Pengemudi Mobil Mewah di Bawah Pengaruh Narkoba Tabrak Pagar Mapolda Jambi

Oleh Gerry Eka
SHARE   :

Pengemudi Mobil Mewah di Bawah Pengaruh Narkoba Tabrak Pagar Mapolda Jambi
Foto: (Sumber: Kabid Humas Polda Jambi Kombes Pol Erlan Munaji. ANTARA/Nanang Mairiadi.)

Pantau - Seorang pemuda berinisial DK (20) menabrak pagar Mapolda Jambi saat mengemudikan mobil Mitsubishi Pajero dalam kondisi diduga berada di bawah pengaruh narkoba dan minuman keras, Minggu dini hari, 18 Januari 2026.

Peristiwa tersebut terjadi sekitar pukul 03.10 WIB, ketika DK mengemudi secara zig-zag di sejumlah ruas jalan Kota Jambi dan sempat menabrak beberapa pengendara sepeda motor sebelum melarikan diri.

Tabrak Pengendara hingga Masuk Area Mapolda

Aksi ugal-ugalan DK berlanjut saat ia melarikan diri ke arah Tugu Keris, GOR, hingga Simpang Kebun Kopi, sebelum akhirnya masuk ke kompleks Mapolda Jambi.

Mobil yang dikendarainya menabrak pagar gerbang Mapolda yang dalam kondisi tertutup rapat hingga rusak parah, lalu berhenti setelah menghantam traffic cone di dalam area penjagaan.

Petugas piket Mapolda langsung mengamankan pelaku di lokasi kejadian.

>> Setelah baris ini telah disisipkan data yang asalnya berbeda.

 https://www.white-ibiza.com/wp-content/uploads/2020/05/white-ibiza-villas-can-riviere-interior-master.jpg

Akibat insiden tersebut, sejumlah pengendara sepeda motor mengalami luka-luka dan langsung dilarikan ke RS Siloam Jambi untuk mendapatkan perawatan medis.

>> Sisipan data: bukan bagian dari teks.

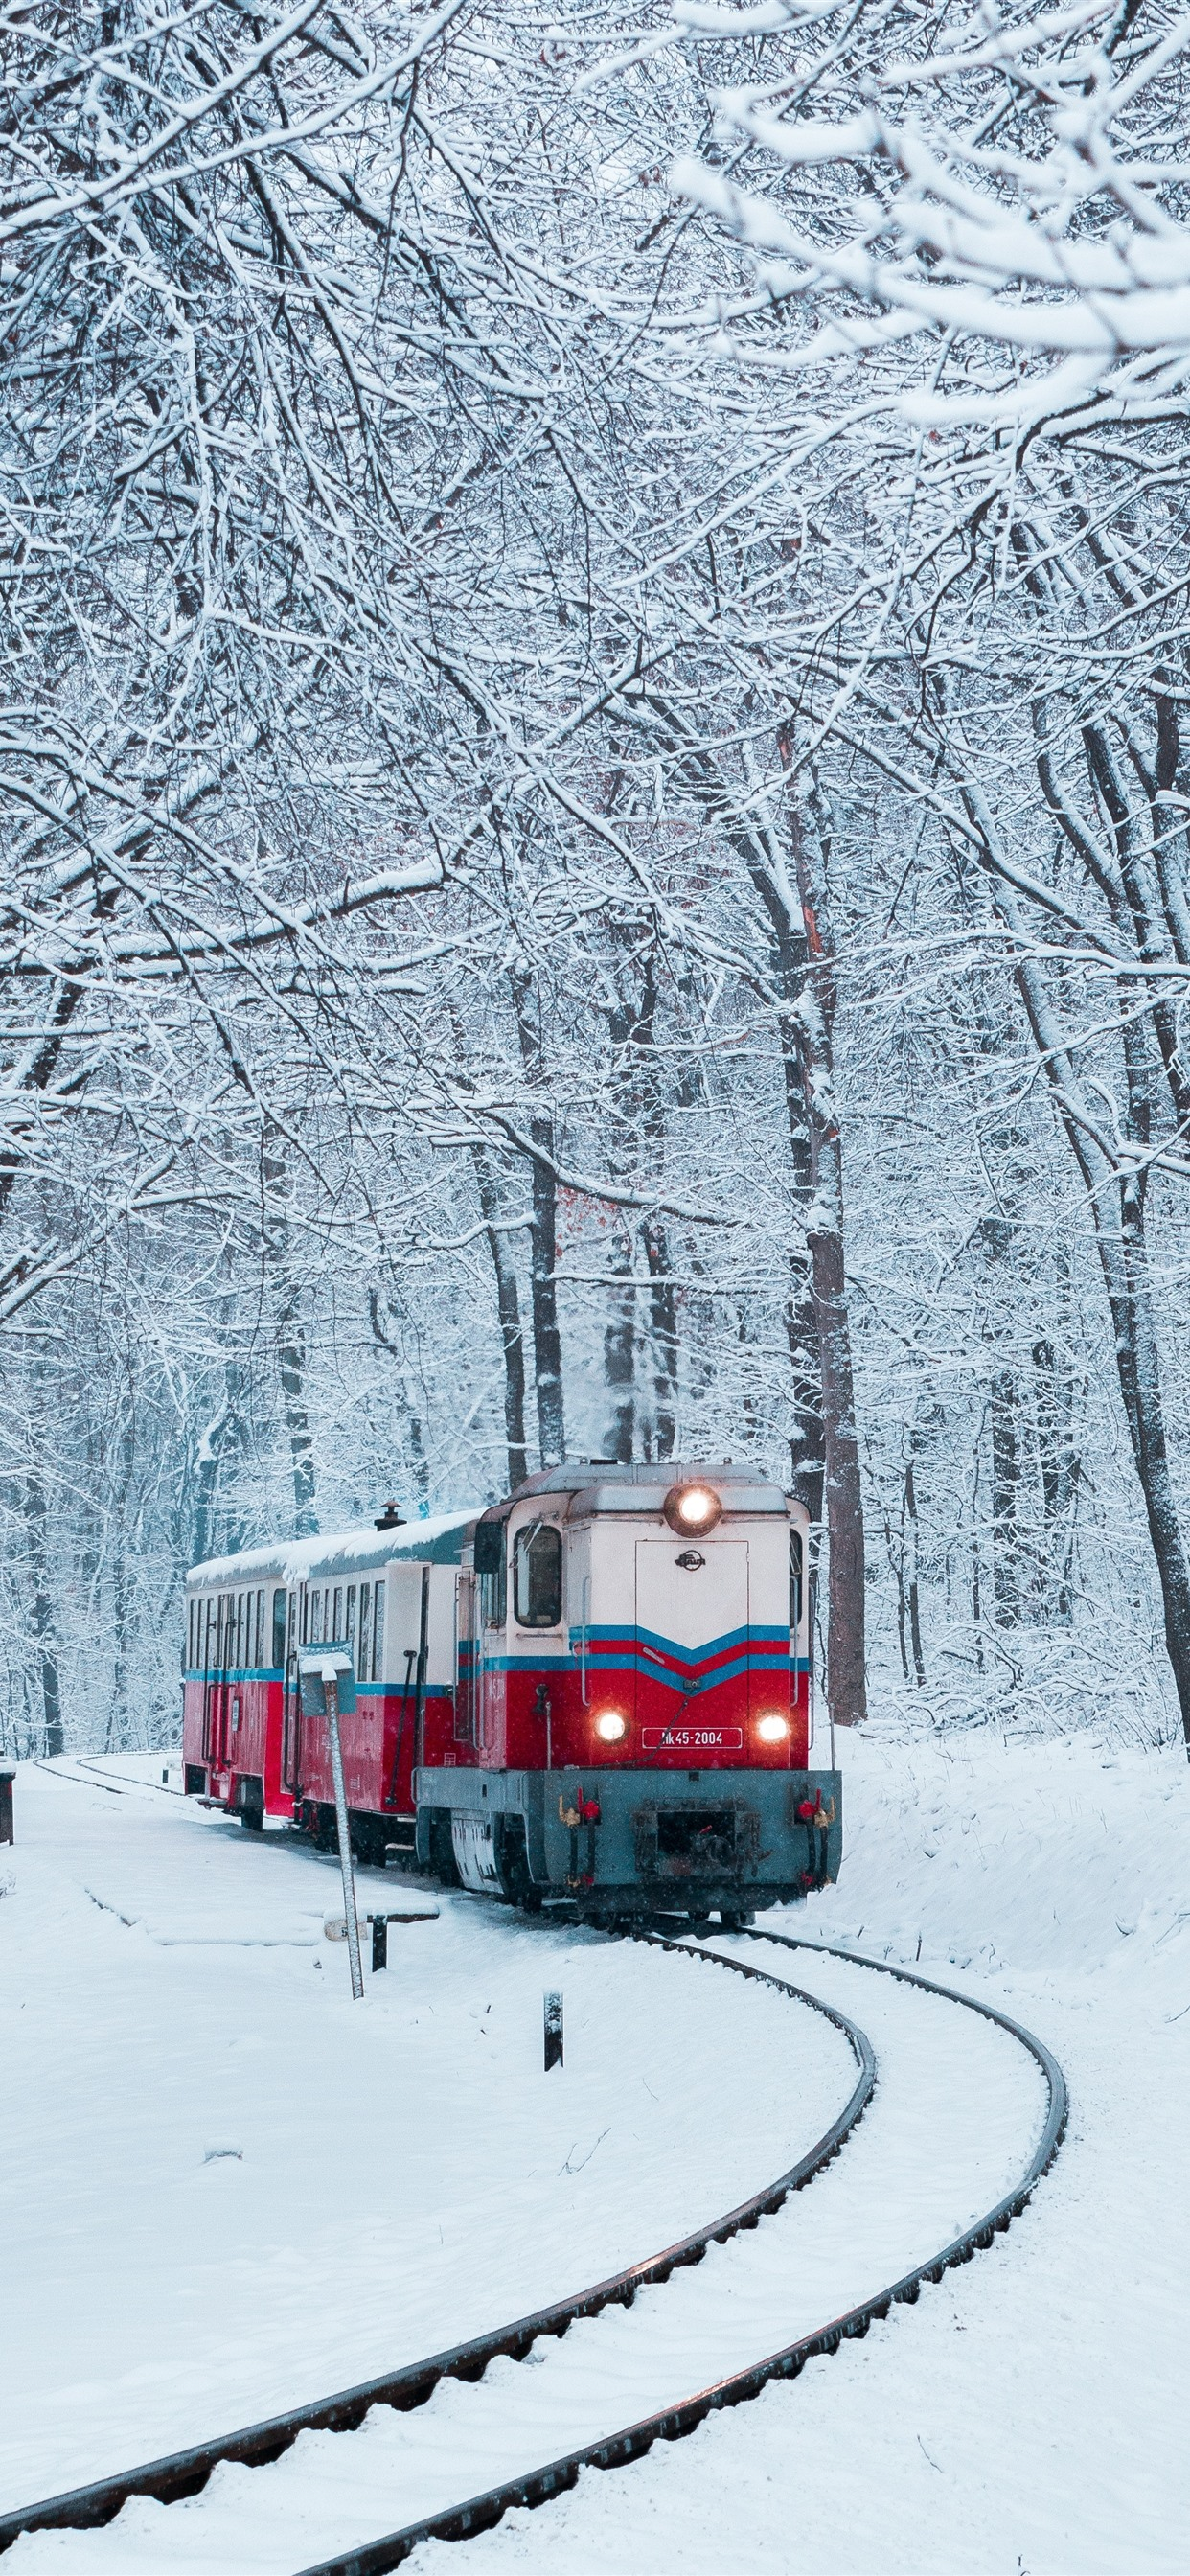 Winter, snow, train, railway, trees ...

Positif Narkoba, Polisi Lakukan Penyelidikan

Hasil pemeriksaan urine menunjukkan DK positif mengonsumsi amphetamine dan methamphetamine.

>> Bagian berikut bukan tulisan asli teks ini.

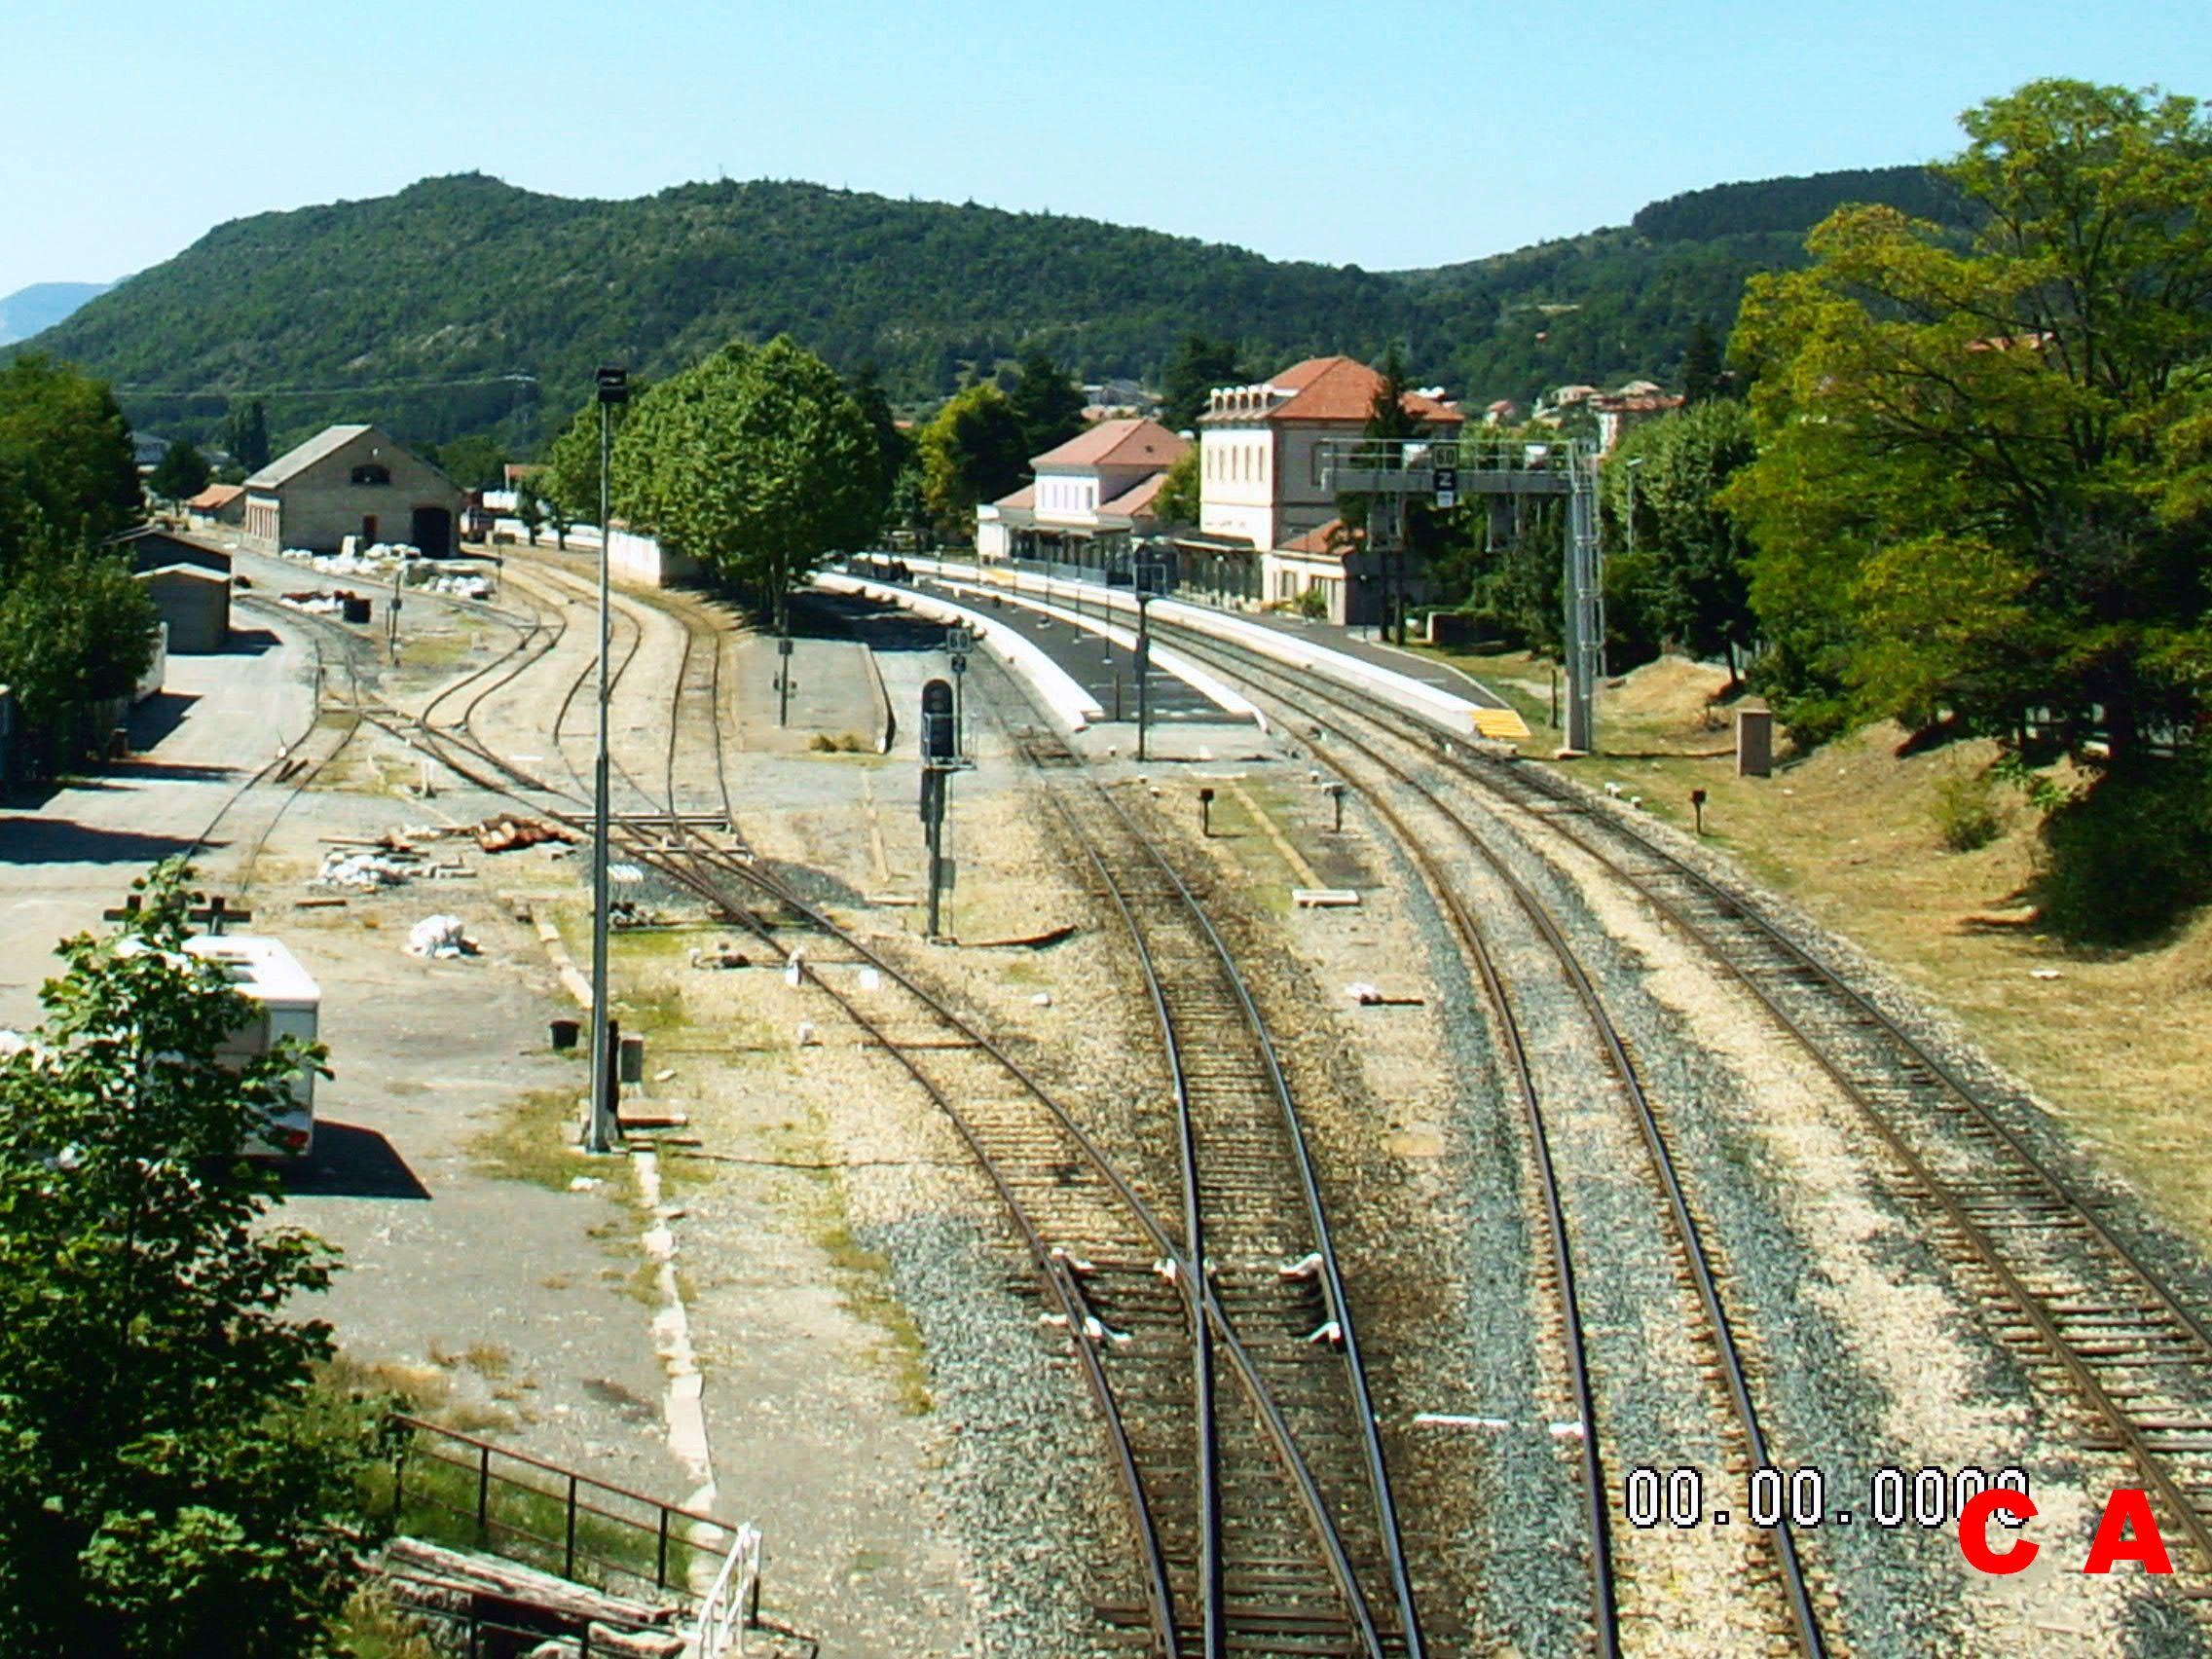 Gare de Veyne

Direktorat Lalu Lintas Polda Jambi telah melakukan olah tempat kejadian perkara serta mengamankan kendaraan yang digunakan pelaku.

Sementara itu, Direktorat Reserse Narkoba Polda Jambi melakukan pemeriksaan lanjutan terhadap DK untuk mendalami keterlibatan narkoba dalam peristiwa tersebut.

"Pelaku masih kami periksa secara intensif untuk mengetahui asal usul narkoba dan kronologi lengkap kejadian," ungkap pihak kepolisian.

DK diketahui merupakan warga Desa Koto Boyo, Kecamatan Batin XXIV, Kabupaten Batanghari, namun hingga kini belum diketahui dari mana ia berasal sebelum kejadian berlangsung.

Kasus ini menjadi peringatan serius akan bahaya mengemudi di bawah pengaruh narkoba yang tidak hanya mengancam keselamatan diri sendiri, tetapi juga membahayakan masyarakat serta merusak fasilitas negara.